Your instructions. No pictures should appear in the copy. Reproduce exactly the lines from the one containing "[Sannyuutei Shinta] Chinpotsuki" through the end of the material below.

Available data.
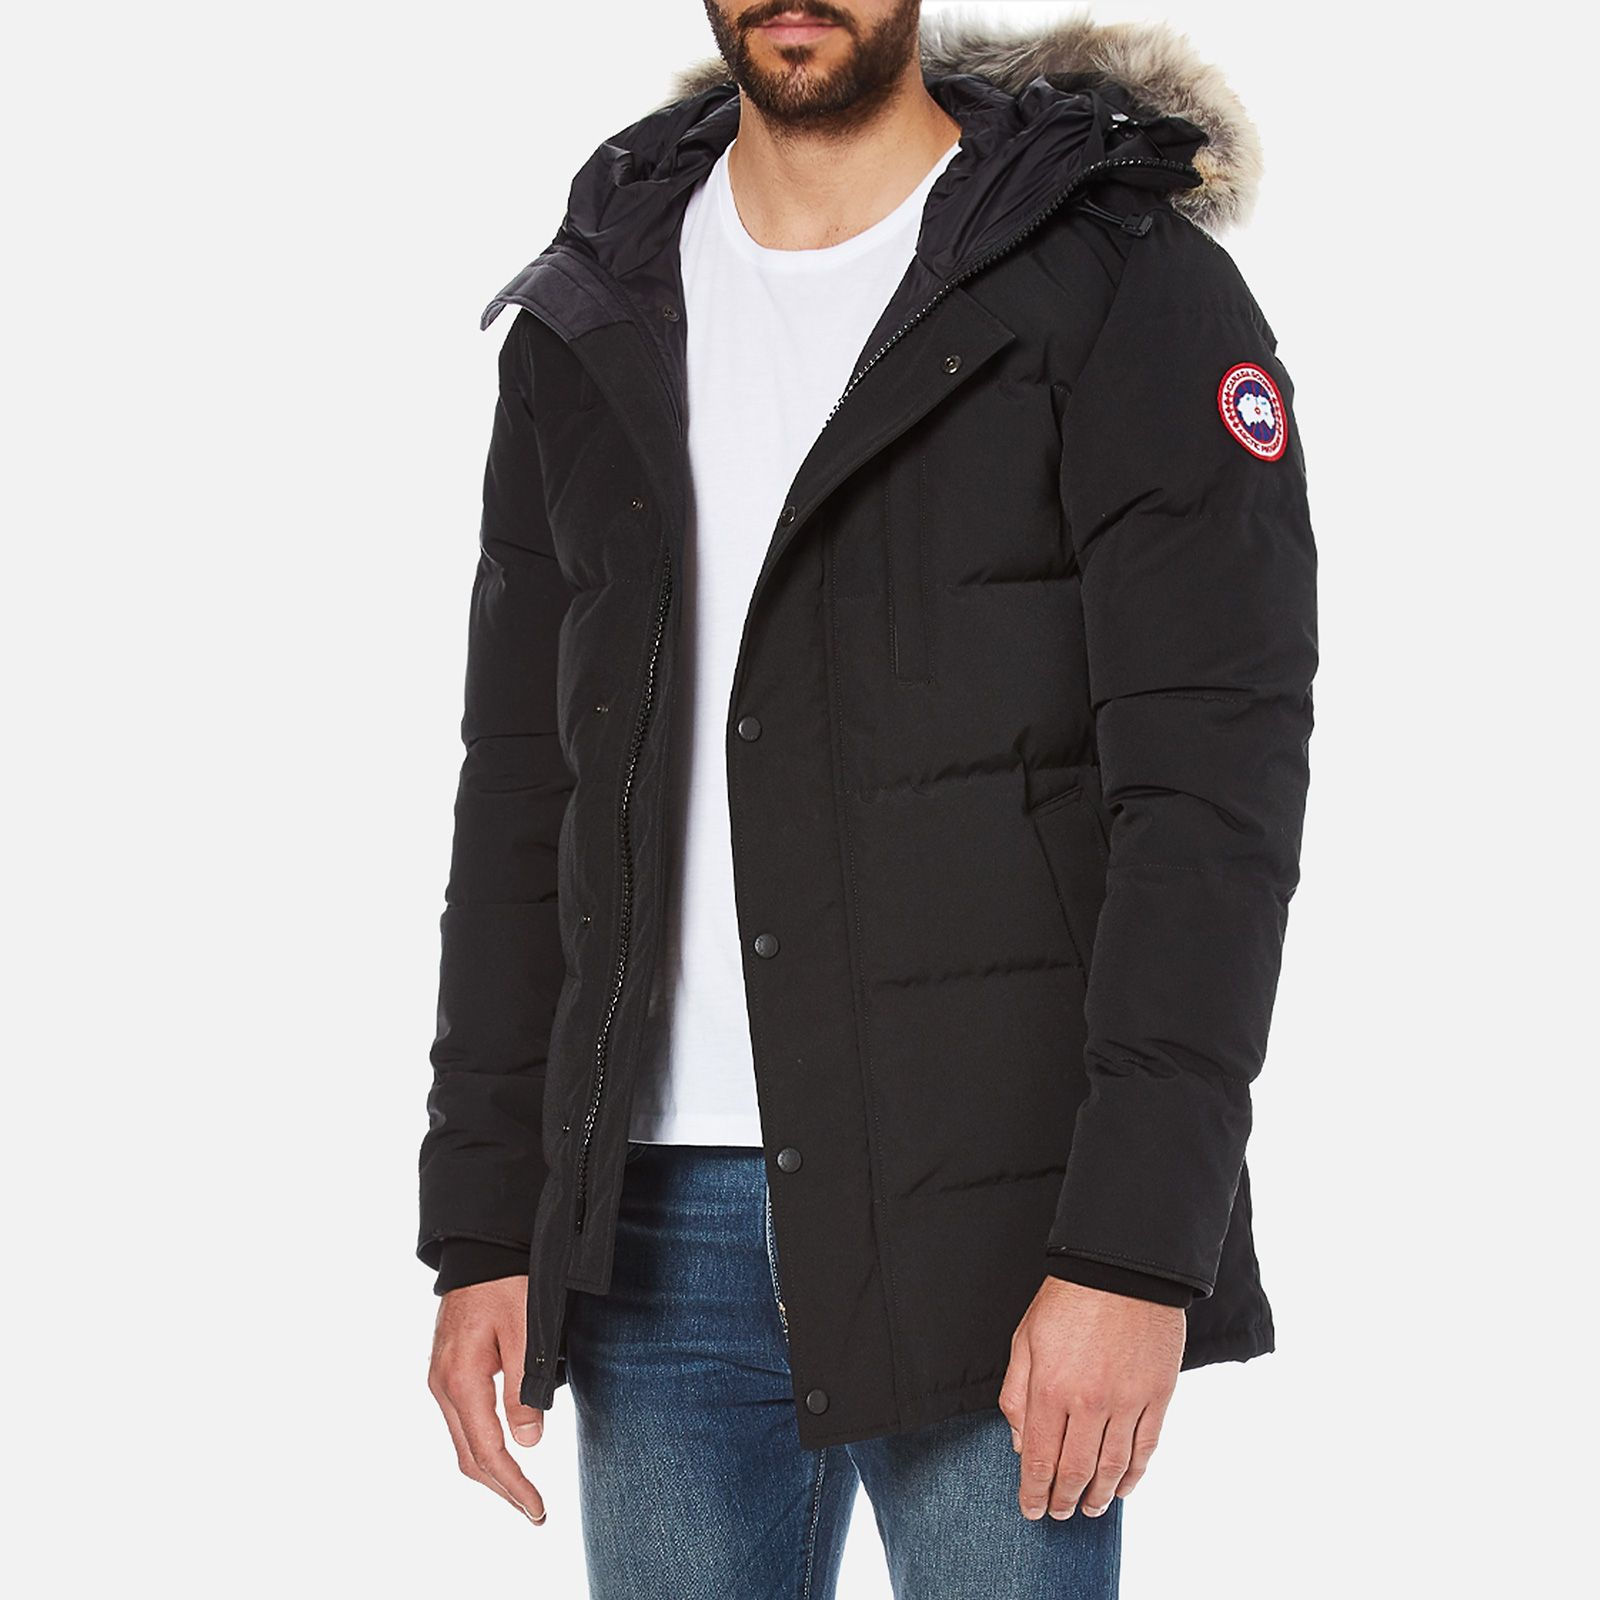 Canada Goose Men S Carson Parka Jacket Black Affiliate Ad Men Canada Goose Parka Jacket Jackets Canada Goose Mens
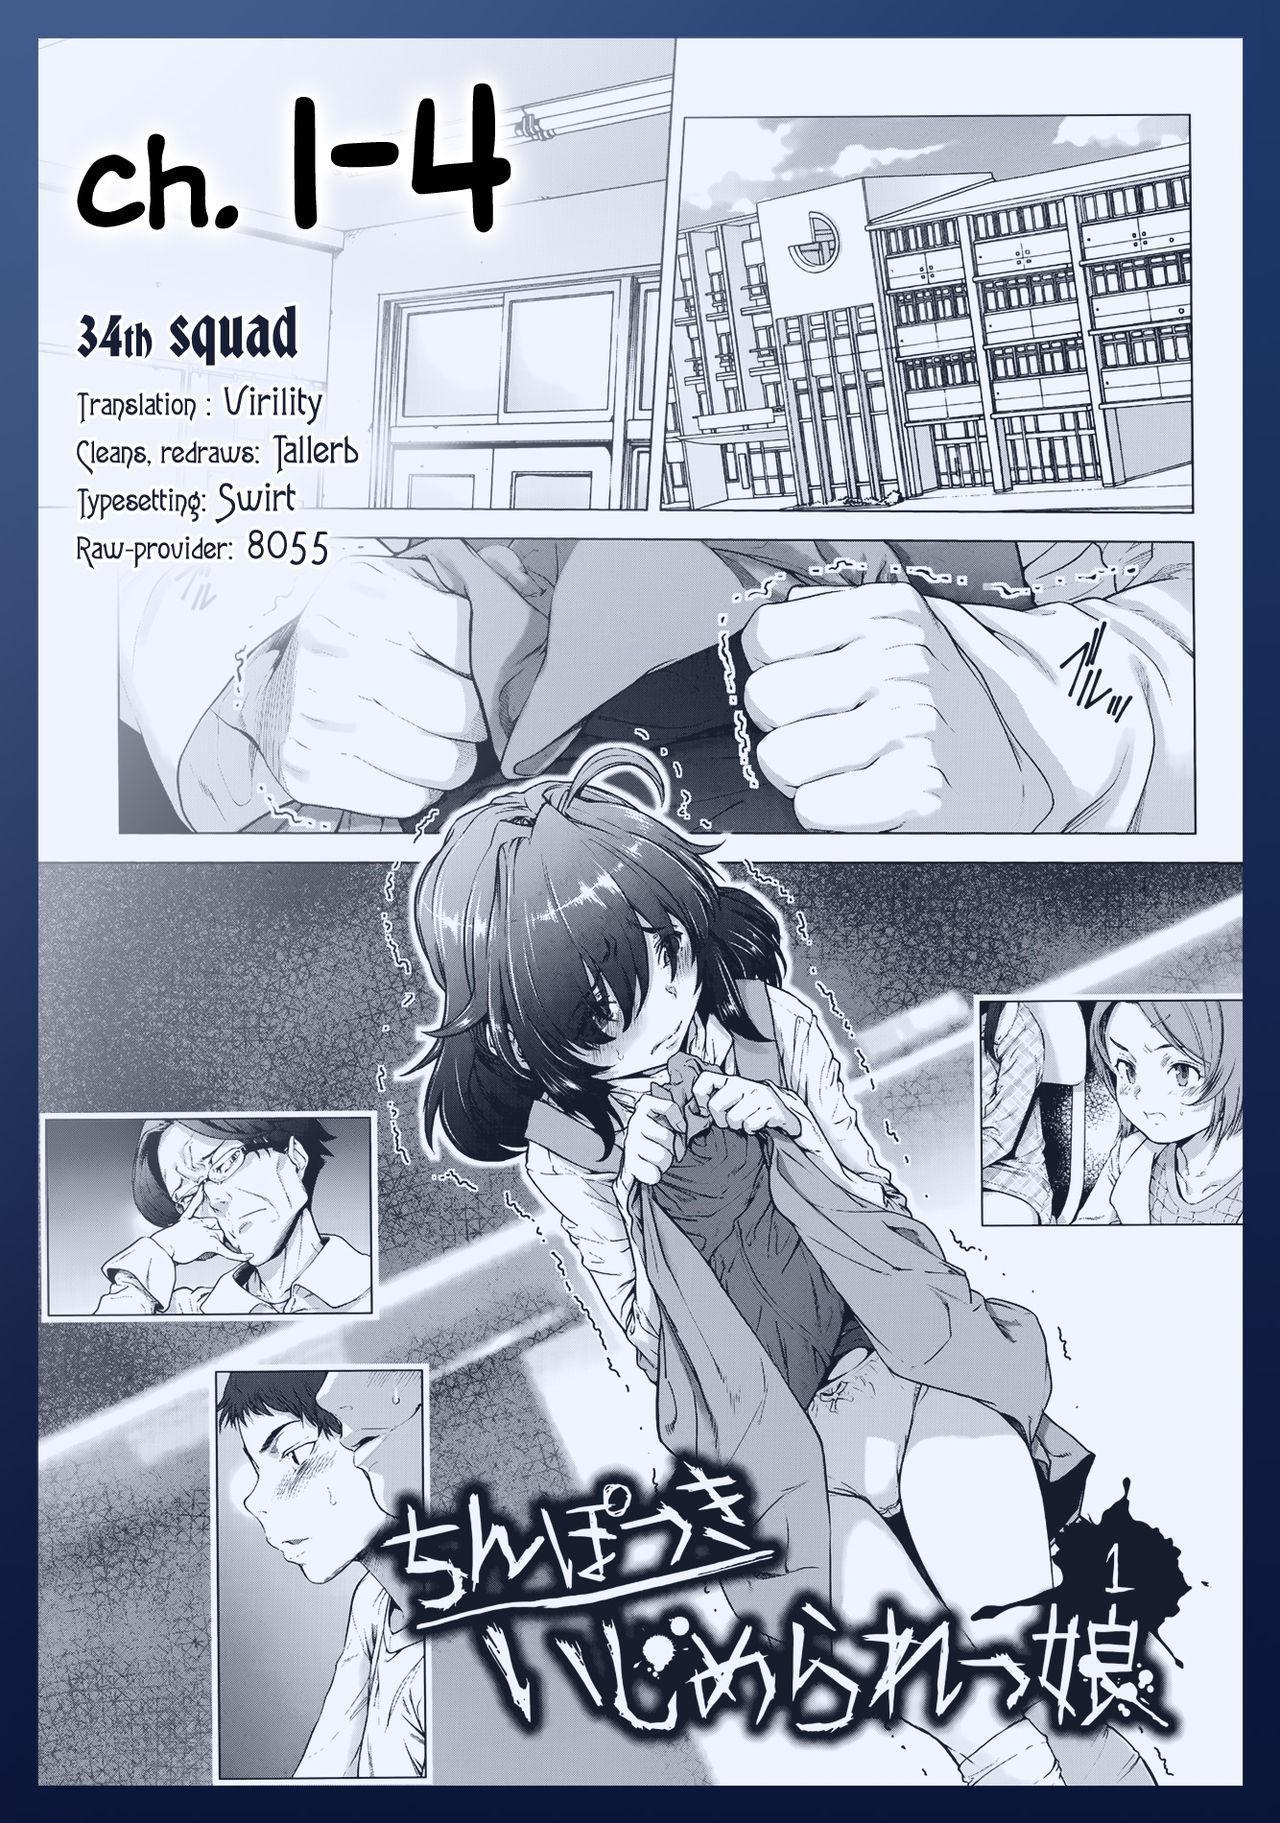 [Sannyuutei Shinta] Chinpotsuki Ijimerarekko | «Dickgirl!», The Bullying Story - Ch. 1-4 [English] [34th squad] 0
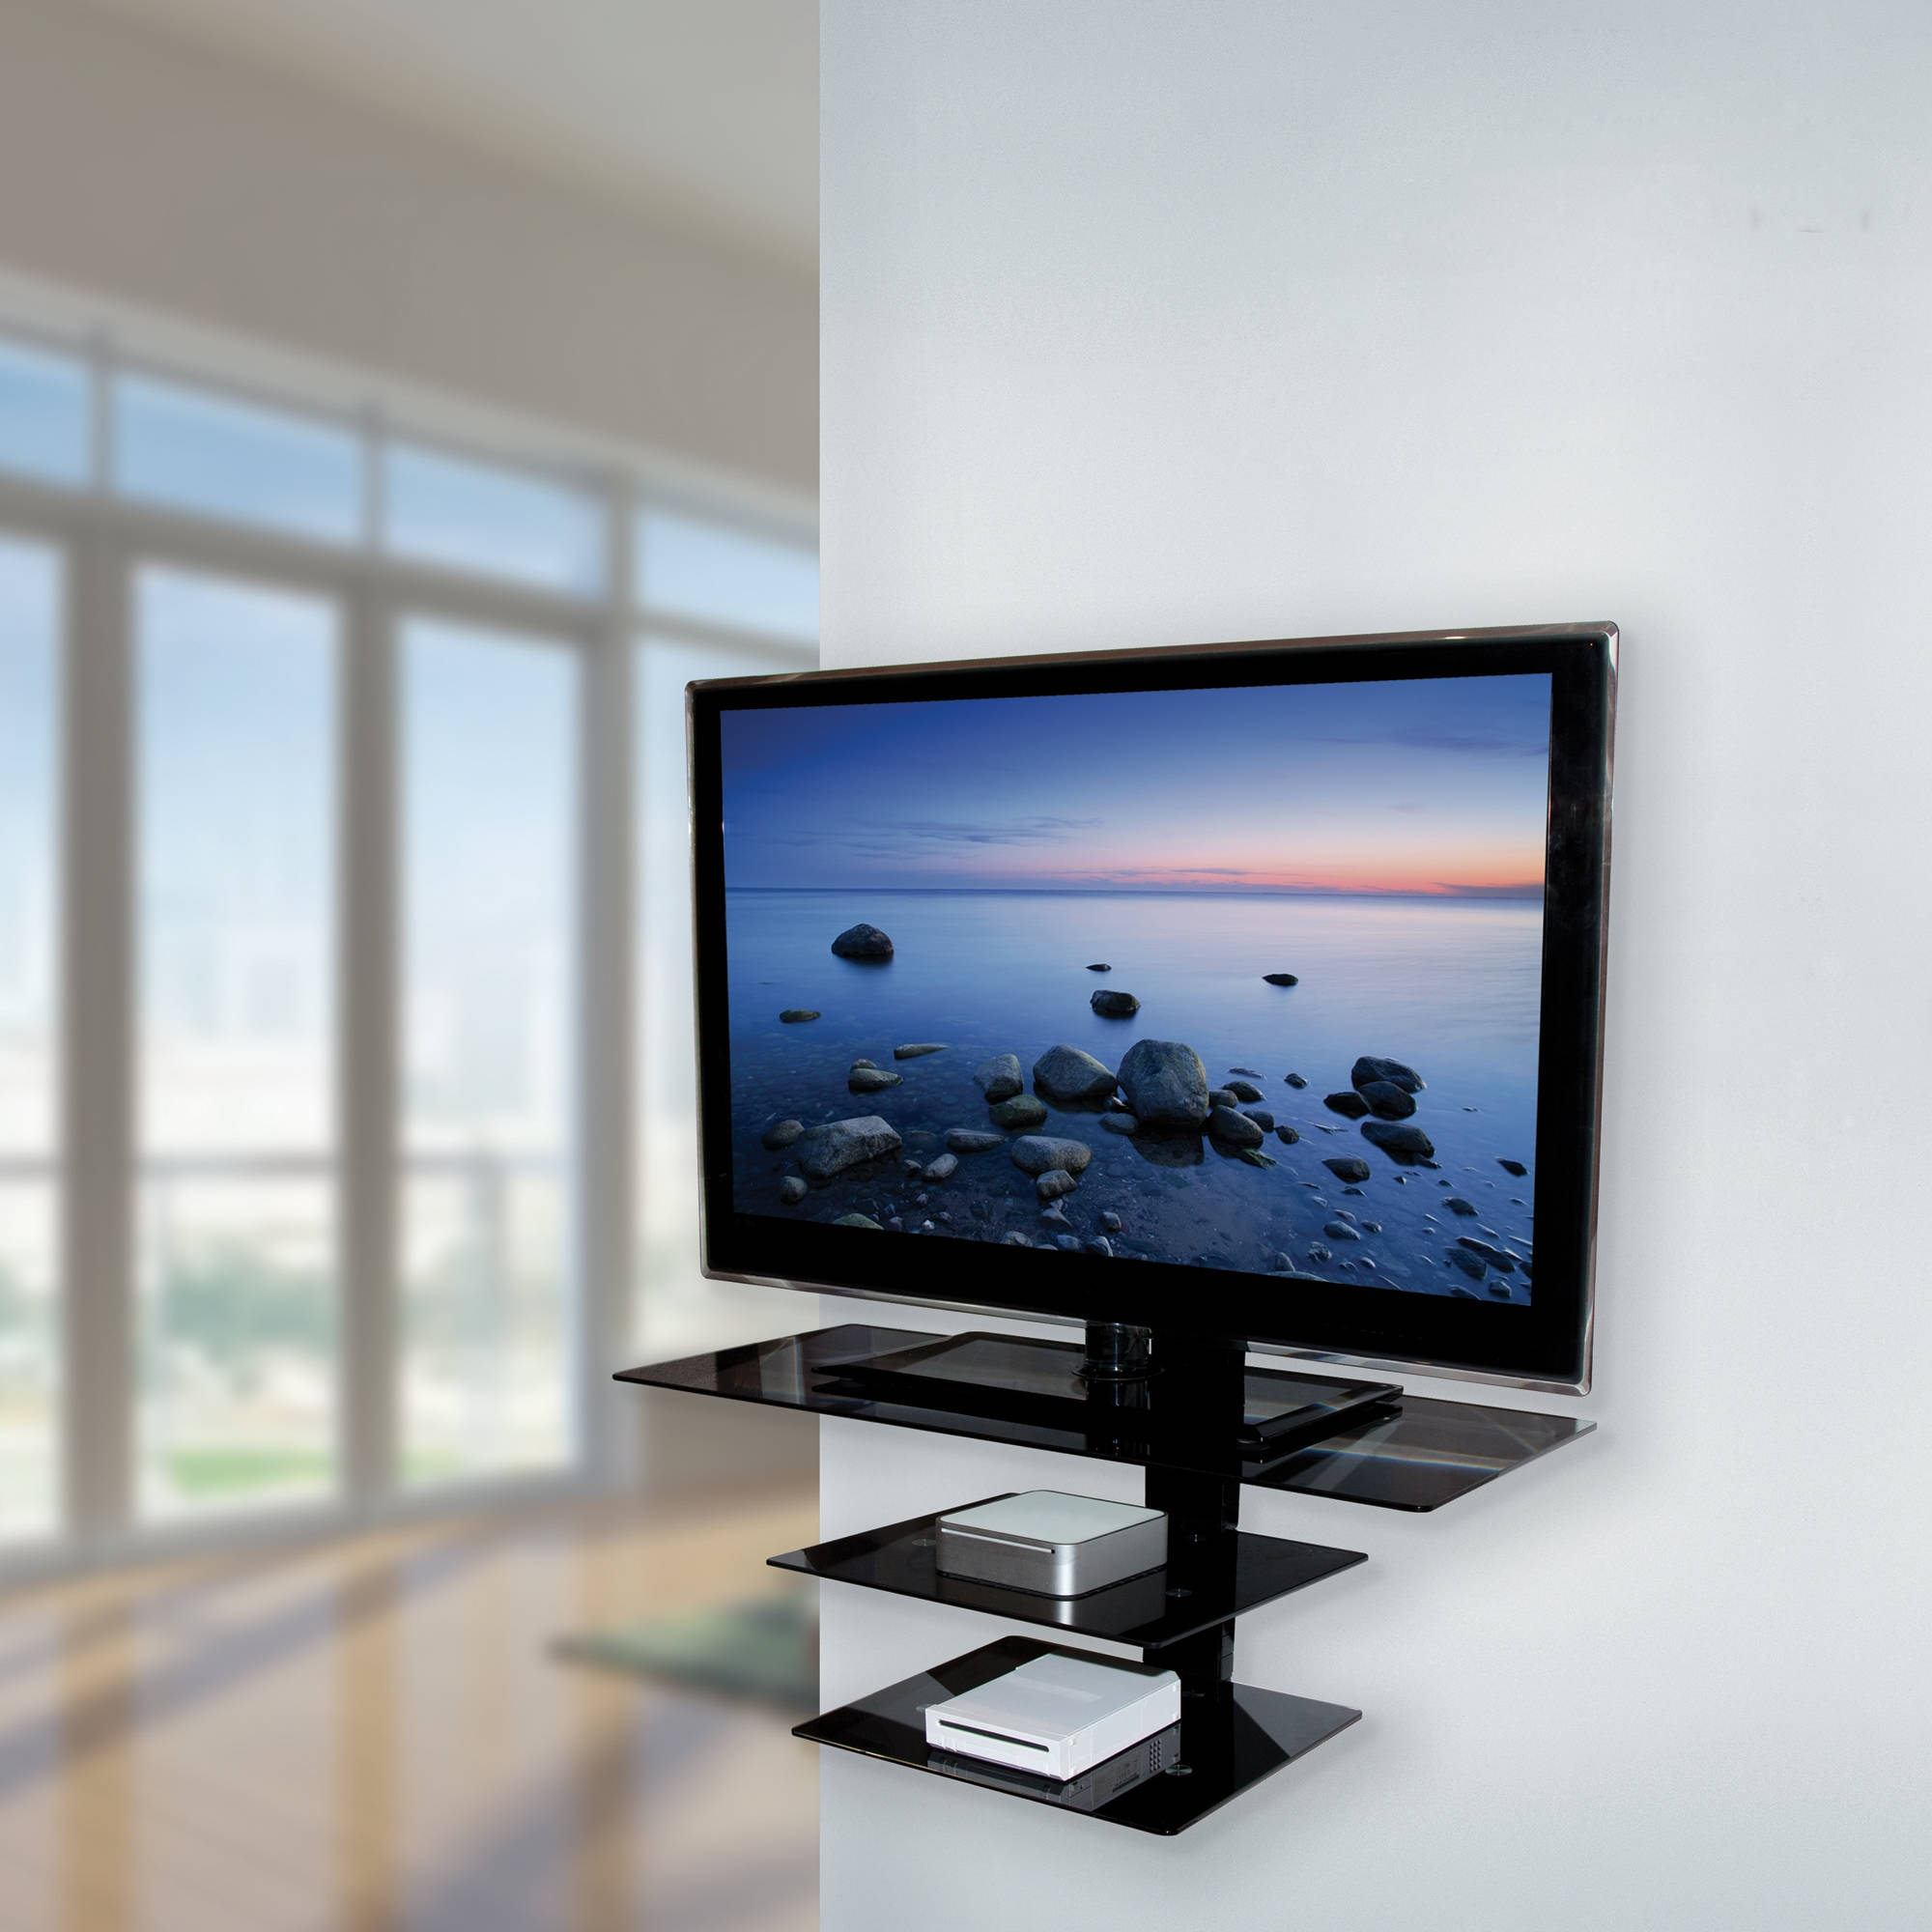 Wall Shelves Design Fabulous Glass Tv Shelves Wall Mount Flat Regarding Black Glass Shelves Wall Mounted (Image 14 of 15)

Expected answer.
 [Sannyuutei Shinta] Chinpotsuki Ijimerarekko | «Dickgirl!», The Bullying Story - Ch. 1-4 [English] [34th squad] 0
 Wall Shelves Design Fabulous Glass Tv Shelves Wall Mount Flat Regarding Black Glass Shelves Wall Mounted (Image 14 of 15)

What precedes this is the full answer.